Last Friday, Culture Night in Dublin, the Tola Vintage shop in Temple Bar’s annual block party was shut down by the Gardaí, and three people were arrested. The police actions were met with criticism for the use of excessive force and suggestions of an underlying racial motivation.
The Gardaí’s statement about the matter cited “public safety concerns” but that doesn’t explain how an innocuous gathering of people inside and outside a vintage shop escalated into baton-charging, threats of pepper-spray and a disproportionate number of guards clearing the busy Temple Bar area with an unwarranted heavy-handiness.
The incident happened, in an increasingly hostile environment for minority communities in Ireland.
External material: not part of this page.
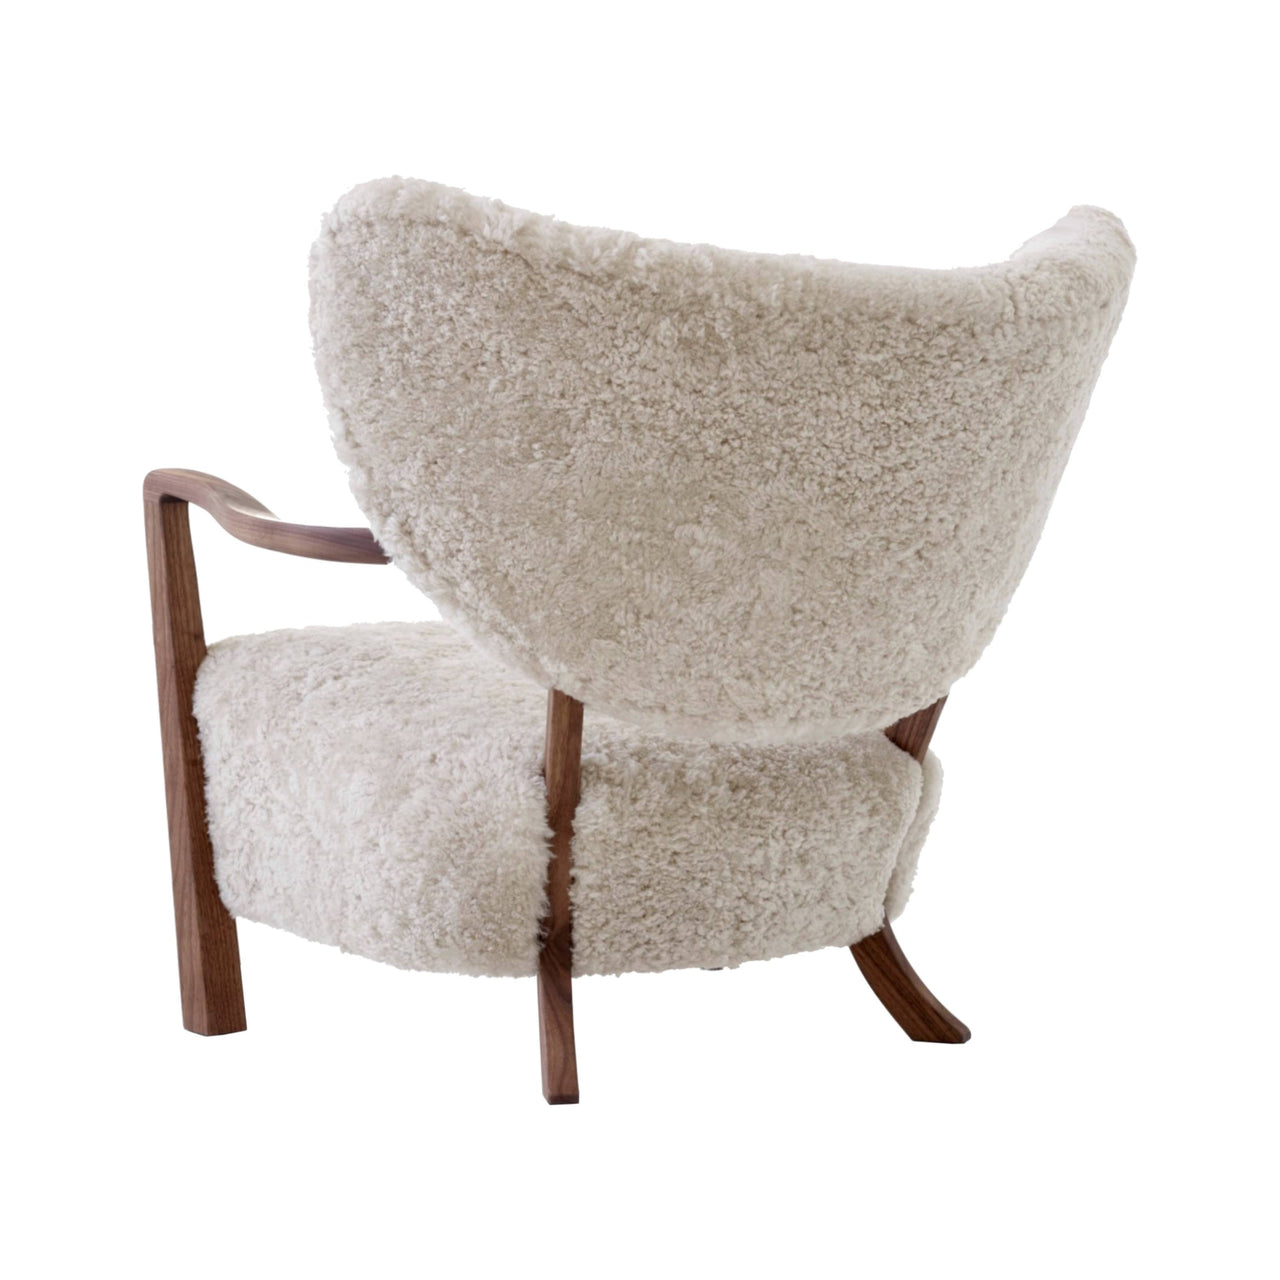 Wulff Lounge Chair ATD2: Walnut + Sheepskin Moonlight
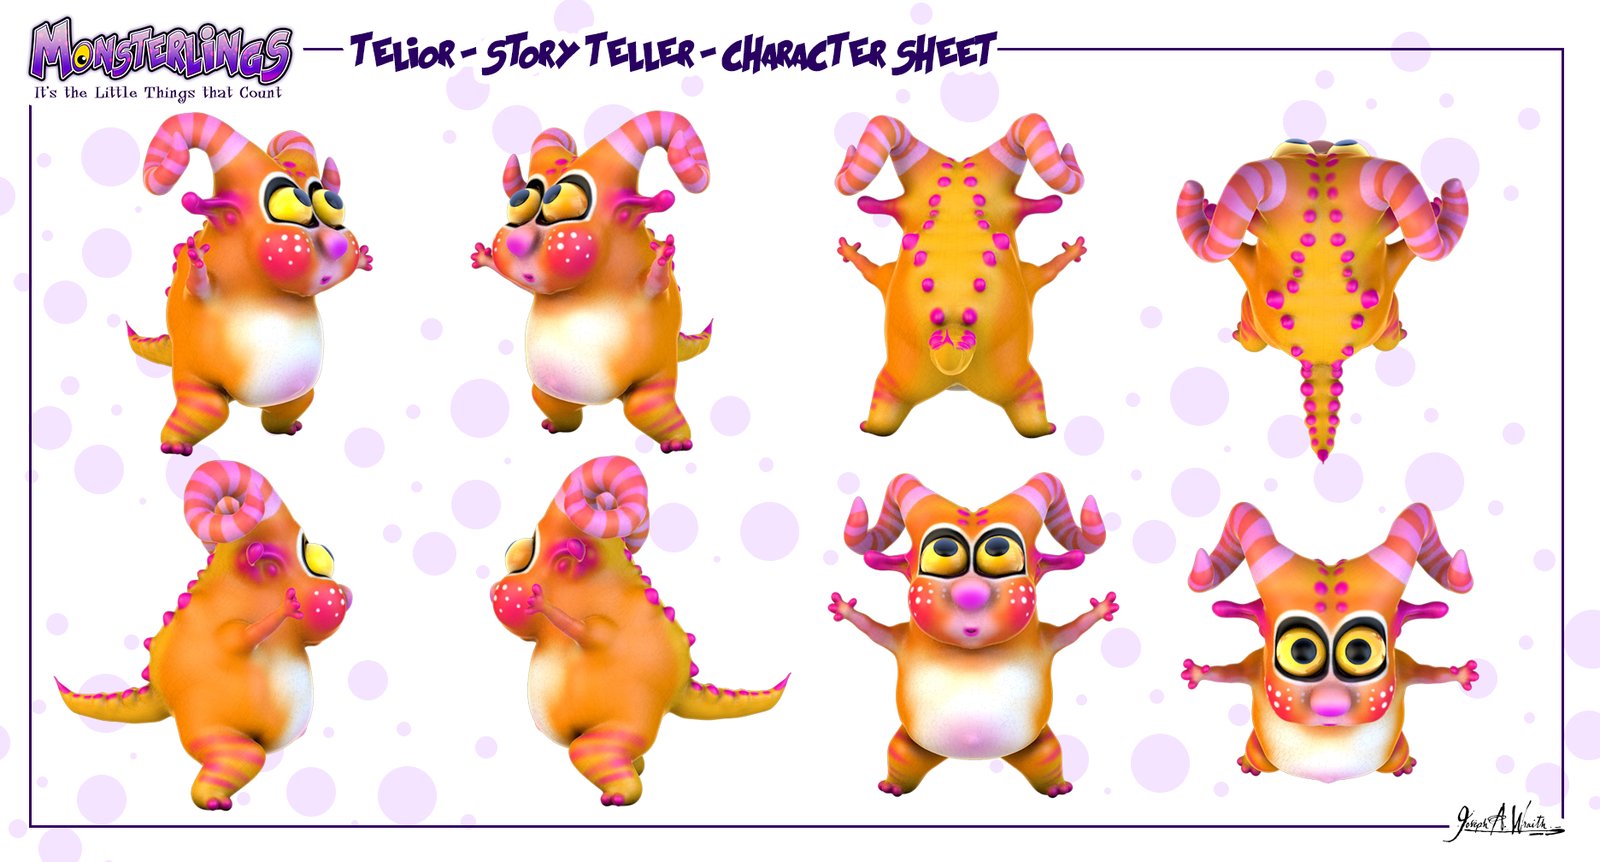 Monsterlings - Telior Physical Character Sheet

Why was a block party in Temple Bar, that was giving no immediate pressing trouble, met with violence, while violence at far right protests and the burning of buildings earmarked for asylum seekers goes unpunished?
Ireland is seeing an increasing number of anti-immigrant accounts online, and the verbal abuse of people of colour has increased, while just this week, the government’s Justice Minister Helen McEntee has dropped the incitement or hate speech sections of the Criminal Justice Bill.
On this week’s podcast, we talk to Silent Jee, a DJ on the night about what went down from his perspective, and how the guards showing up at the block party is nothing new.
We explore how these kinds of actions are familiar to black and POC in Ireland’s creative community.
We talk to Mo Cultivation’s Bekah Molony about what allies and peers can do and how nothing has changed since the Black Lives Matter movement in 2020. Things have arguably gone the other way.